When Apple revealed its new programming language Swift in 2014, some prophesied it would disrupt the iOS development job market and bring down salaries. Luckily for the iOS developers, that didn’t turn out to be the case.
The forecasters shot off the mark because they made a crucial mistake in assessing what iOS developers are paid to do. I want to tell you this story because I see the same mistake being made by the crowd that today worries AI will eat up knowledge work and make us all redundant.

Before the introduction of Swift, iOS and macOS apps were predominantly written in Objective-C1. This programming language what developed in the early 1980s, and many steered away from it because of its dated syntax and the peculiar use of square brackets for invoking methods2. Swift represented a breath of fresh air for developers in the Apple platform. Compared to Objective-C, the syntax felt lean and modern. Apple had successfully smoothed the learning curve and lowered the barrier to entry.
Many observers thought developers from other backgrounds could now quickly jump into the Apple ecosystem thanks to Swift. They expected this to produce a sudden increase in supply in the job marketplace but without a comparable change in demand and in salaries going down as a result.
But Swift didn’t affect the supply and demand in the marketplace because, as every enthusiastic developer attempting to jump into iOS development soon realized, there’s much more that goes into shipping an app than knowing how to code in the recommended programming language.
Swift might have made the coding more accessible but didn’t remove the hurdle of learning how to converse with the iOS and macOS runtime, draw UIs, store data, or interact with the various other Apple APIs and frameworks. The new programming language didn’t help navigate Apple’s infamous process for signing applications for distribution nor made its arcane errors easier to understand. For all its improvements, Swift did not help developers get past the strict App Store review process.
Making it easier to write the code to build Apple apps did not disrupt the iOS development market because writing the code was and still is only a tiny fraction of what it means to work in the Apple ecosystem.
Fast forward to the present day, and we can observe similar prophecies for how ChatGPT will disrupt many professions that rely on writing or how image generation AIs will leave many artists out of a job. What a superficial analysis of the marketplace. What a demeaning mental model for what creative knowledge work means.

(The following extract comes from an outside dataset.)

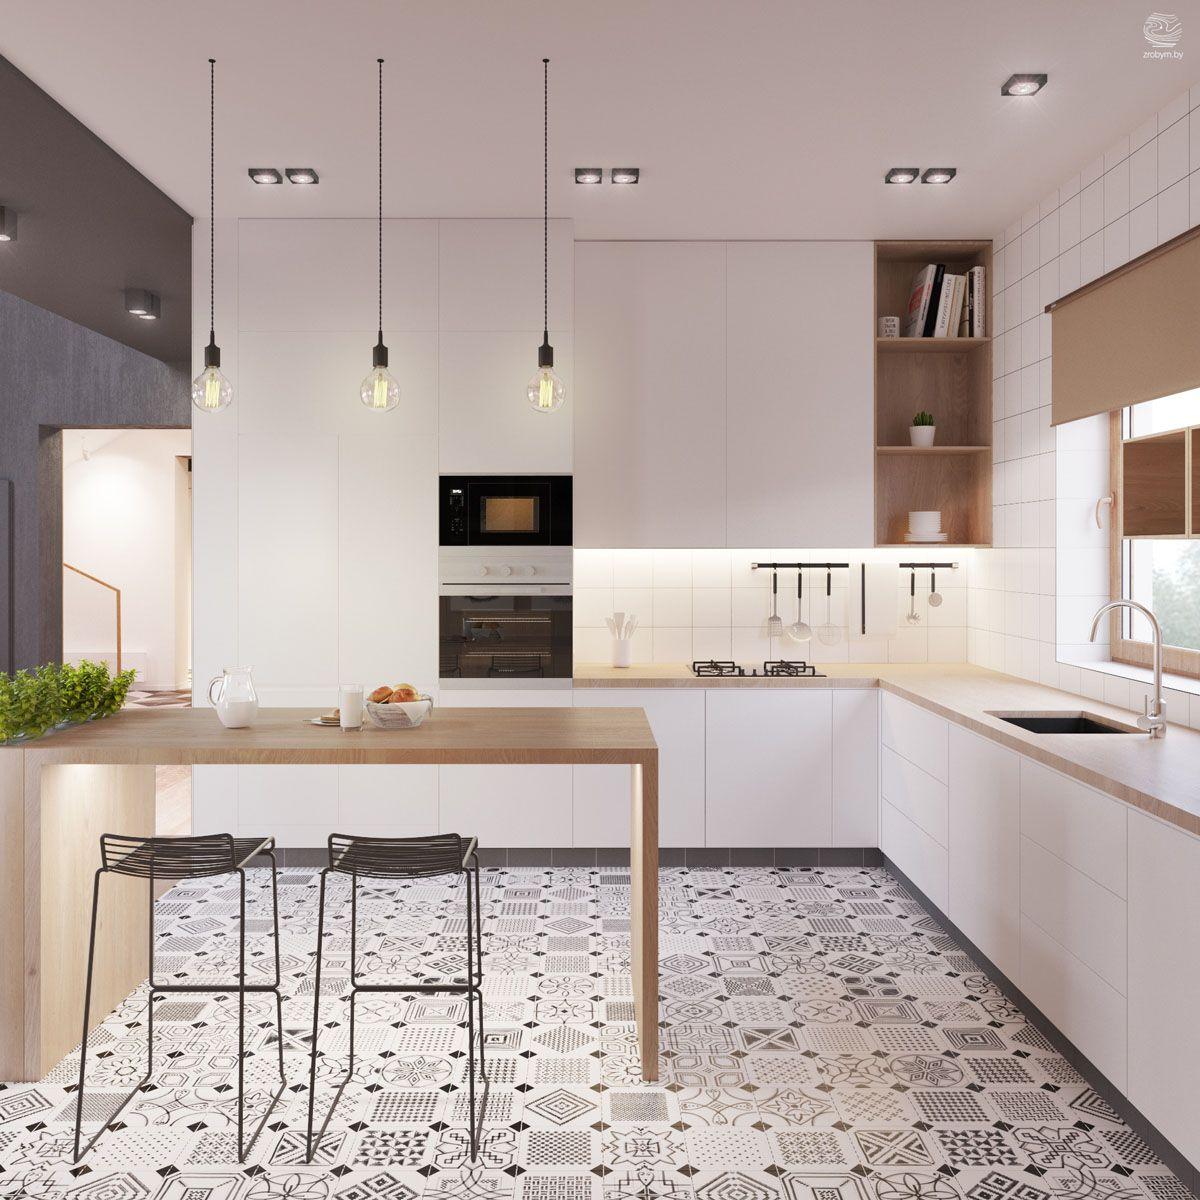 Sleek bright and minimalist this Scandinavian style

In a recent New Yorker piece, computer scientist and author Cal Newport debunked the fear of generative AIs as a threat to knowledge workers. He concluded by saying:
[ChatGPT] is unlikely in its current form to significantly disrupt the job market. Much of what occurs in offices, for example, doesn’t involve the production of text, and even when knowledge workers do write, what they write often depends on industry expertise and an understanding of the personalities and processes that are specific to their workplace.
Generative AIs will not steal your knowledge job because your job was never about pushing buttons to generate artifacts. Your job is to think critically about which buttons to push and to collaborate with other creative minds to make timely, context-specific decisions which drive the generation of artifacts.
1 – The were ways of writing apps in other languages such as Ruby with RubyMotion but they always remained niche. That no alternative syntax ever gained sizable traction is in itself telling of how the programming language of choice is only one of the many factors that affect an ecosystem’s learning curve.
2 – I had many conversation back in the day with people disliking the square brackets. I always found that to be a poor approach to software development. Any software engineer worth its title should be willing to pick up any language necessary to get the job done. As a commentator put it in a heated Hacker News discussion on why Objective-C is hard, people fret over language syntax too much.